Чтение онлайн

ЖАНРЫ

С шашкой против Вермахта. «Едут, едут по Берлину наши казаки…»
Шрифт:

Позднее, после выхода из окружения, многие участники этого ночного марша утверждали, что в обычное время такая колонна, состоящая из верховых коней, машин, орудий, повозок, по бездорожью не смогла бы пройти за ночь и двух десятков километров, а тут отмахали шесть десятков! Удивлялись: откуда взялись силы у людей, до невозможности уставших в последних боях, как и что двигало ими, вызывало душевный порыв? Смертельная опасность, висевшая над головой каждого? Да. Но опасность на разных людей действует по-разному. У одних она вызывает решимость и даже азарт. Других она ввергает в уныние, растерянность и лишает какой-либо воли. Организованность? Да. В этом марше она была особой. Михаил Федорович и Антон Яковлевич, используя весь свой военный опыт, проявили себя талантливыми руководителями, обладающими волей, выдержкой и чутьем. Мы ни разу не столкнулись с крупными вражескими силами, не топтались на месте, не

плутали. Стояла глухая и темная осенняя ночь. Местность незнакомая. Проводников не было. Карта и компас в такой обстановке не очень надежные помощники. Шли не по прямой, не по заданному азимуту, а зигзагами. Иной раз повороты были чуть ли не под прямым углом. Выставленные маяки из людей показывали нам правильное направление движения.

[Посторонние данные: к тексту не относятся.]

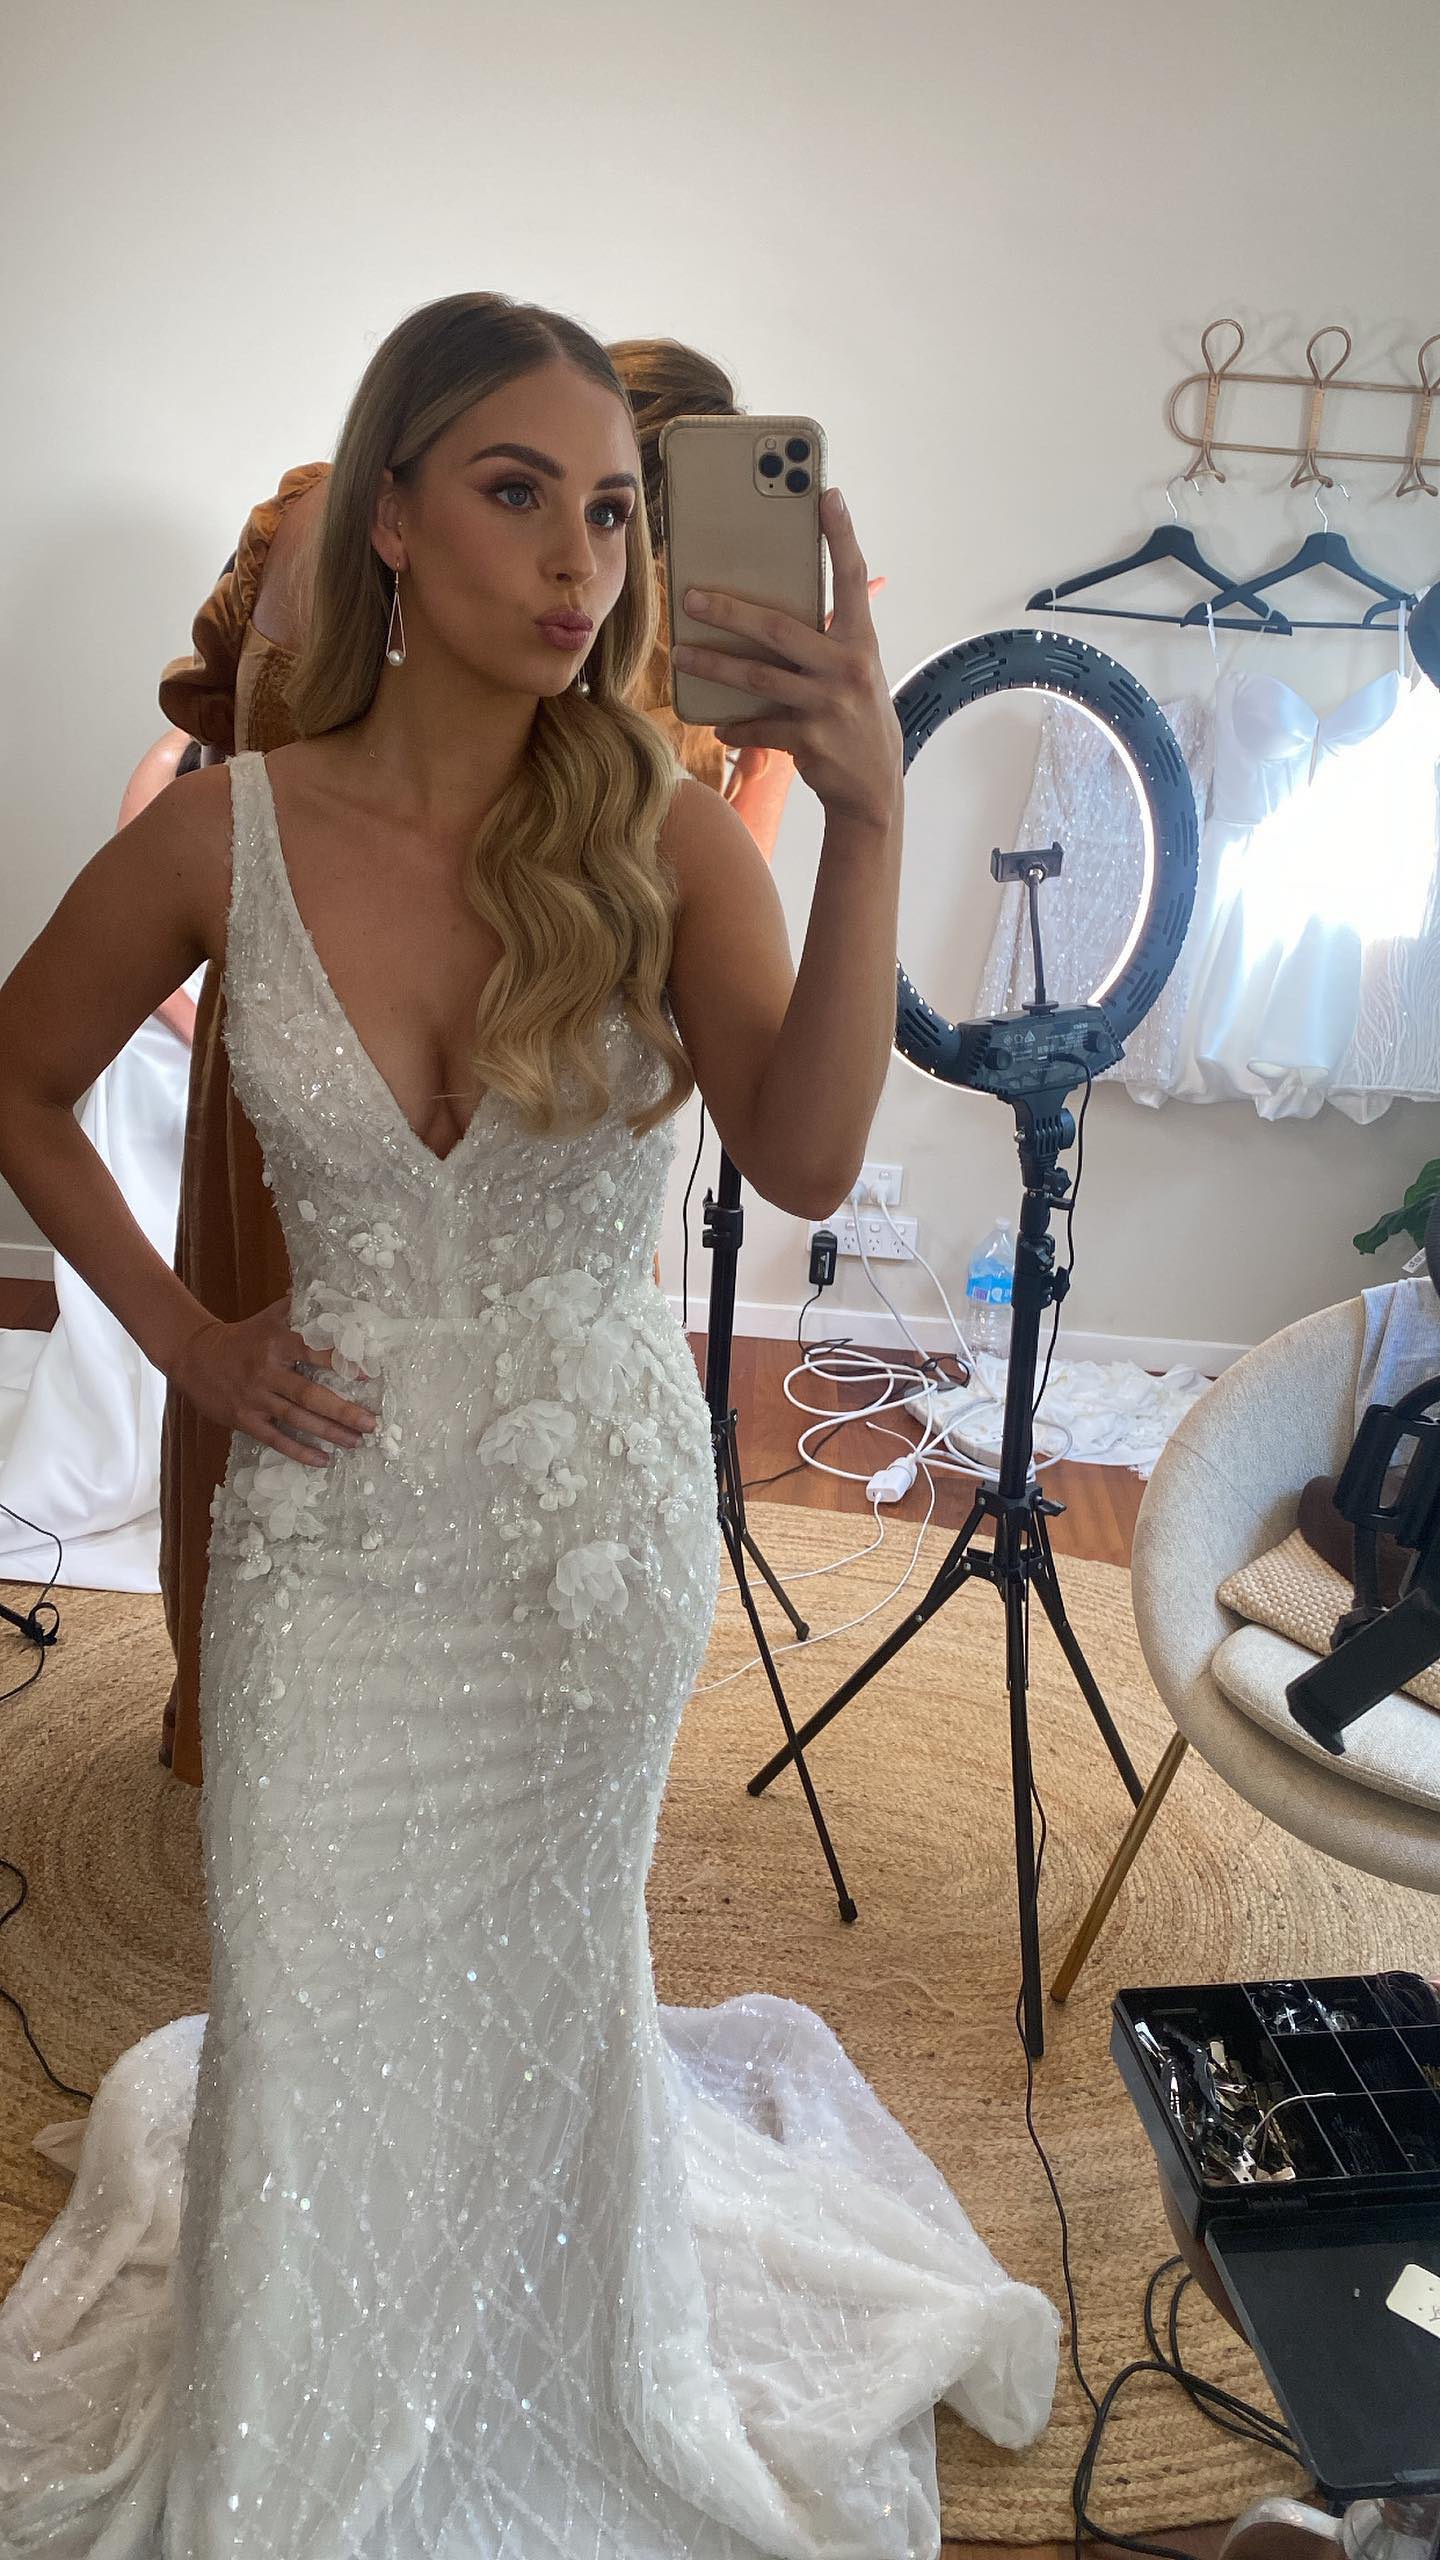 model posing for selfie in beaded wedding dress

И было еще одно обстоятельство, которое прибавляло сил и помогло выйти, — вера в авторитет. Есть старый казачий обычай, родившийся еще в Отечественную войну 1812 года в полках генерала Платова, а возможно, и раньше, обычай, который широко использовался в Первой Конной. Его вспомнил Антон Яковлевич Ковальчук. Где-то в середине пути по колонне пронеслось, словно свежий ветер прошелестел:

— Походную колонну ведет генерал Горшков!

И казачьи сердца приободрились, смертельно уставшие люди подтянулись. Если сам командующий с нами, то непременно выйдем! Не было в походной колонне Сергея Ильича Горшкова, но имя его, авторитет его прибавили силы, вселили веру в успех марша. На исходе ночи к нашей колонне примкнули еще две колонны выходившей из окружения стрелковой части.

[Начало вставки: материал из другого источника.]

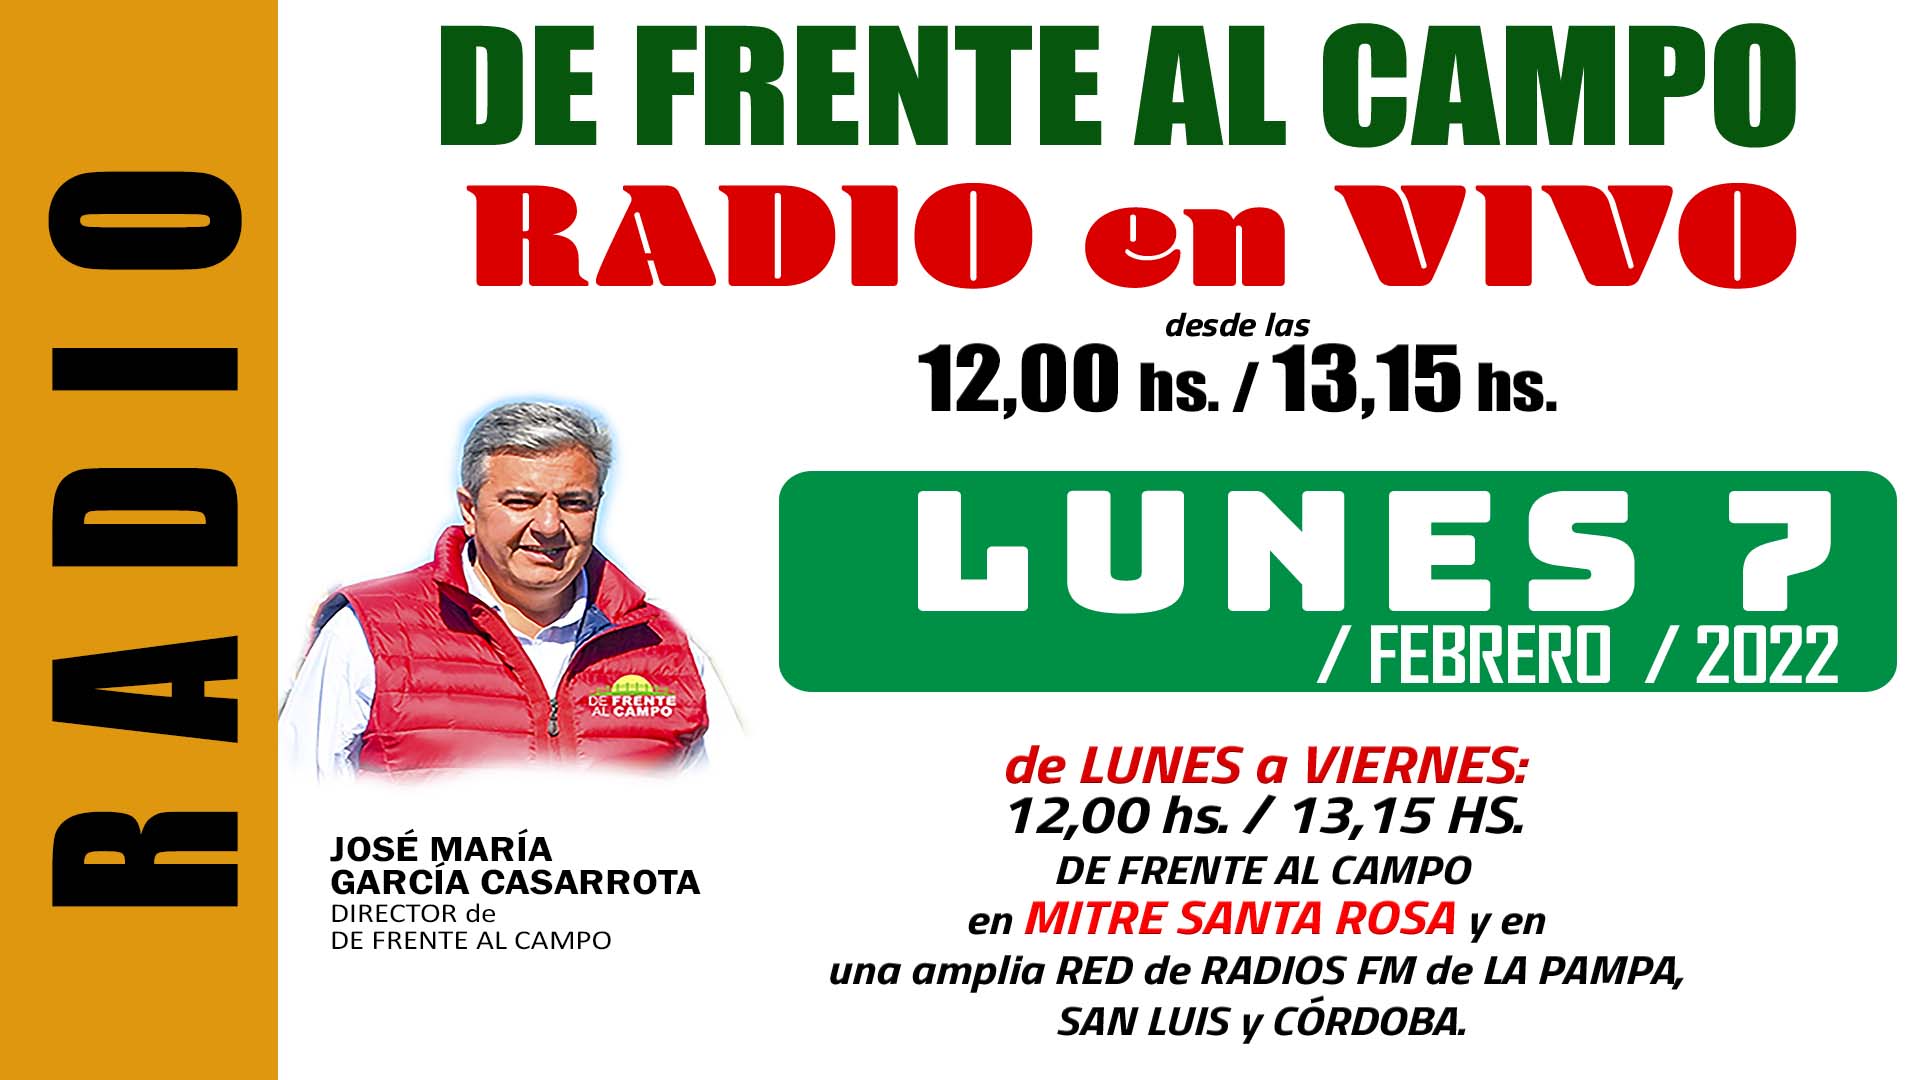 DFC en MITRE SANTA ROSA -FM 100,9 – LUNES 7 / FEBRERO / 2022-.

Уже начинался рассвет, когда колонна натолкнулась еще на один заслон противника. Но он был смят так же, как сминались другие, — в короткой схватке с передовым отрядом. Мы считали чудом, что нашей почти уполовиненной дивизии удалось пройти 60 километров без боеприпасов, с большим обозом, сохранив всю технику, с ничтожно малыми потерями. Пройти и выйти из окружения. Надо было видеть и пережить ту огромную радость, когда полки встретились с частями родного корпуса.

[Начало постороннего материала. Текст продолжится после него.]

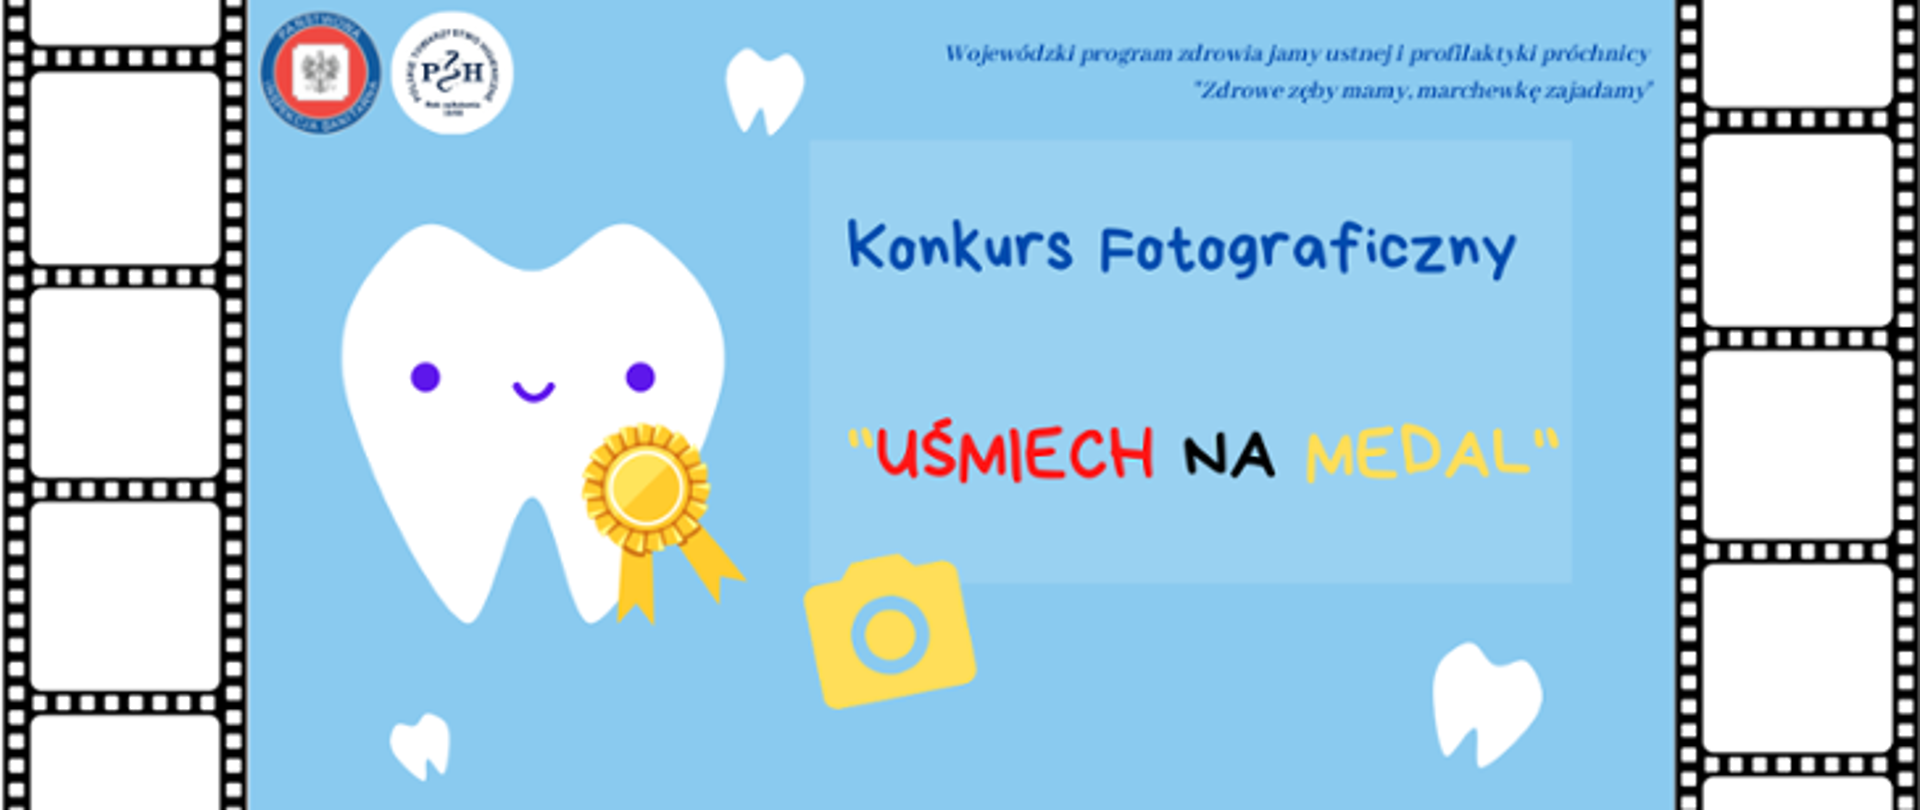 Konkurs fotograficzny Uśmiech na medal

К сожалению, автору этих строк и большой группе казаков еще целые сутки не довелось испытать радость встречи. А случилось вот что. Переезжая глубокую канаву, застряли сразу три повозки с минометами второго взвода моей батареи. Я, естественно, не мог оставить старшину Рыбалкина со взводом в этой канаве. Пока возились с повозками, мимо нас, обтекая справа и слева, двигались конные и пешие подразделения или просто группы бойцов. С работой мы, наконец, управились и на галопе стали догонять полк. Но встретилась развилка дорог. Куда ехать? Прямо или круто повернуть в сторону? Свежие следы подков и колес вели туда и сюда. Здесь, на развилке, должен стоять маяк-регулировщик, но его почему-то не оказалось. Как позднее выяснилось, командир взвода лейтенант Тарасенко маяка здесь оставлял. Но тот, пропустив батарею, подождал немного, но никого на дороге не было, и он посчитал, что все прошли. Самовольно снялся и стал догонять взвод. Своеволие казака, его недисциплинированность могли привести к беде сотни людей. Впрочем, и привели.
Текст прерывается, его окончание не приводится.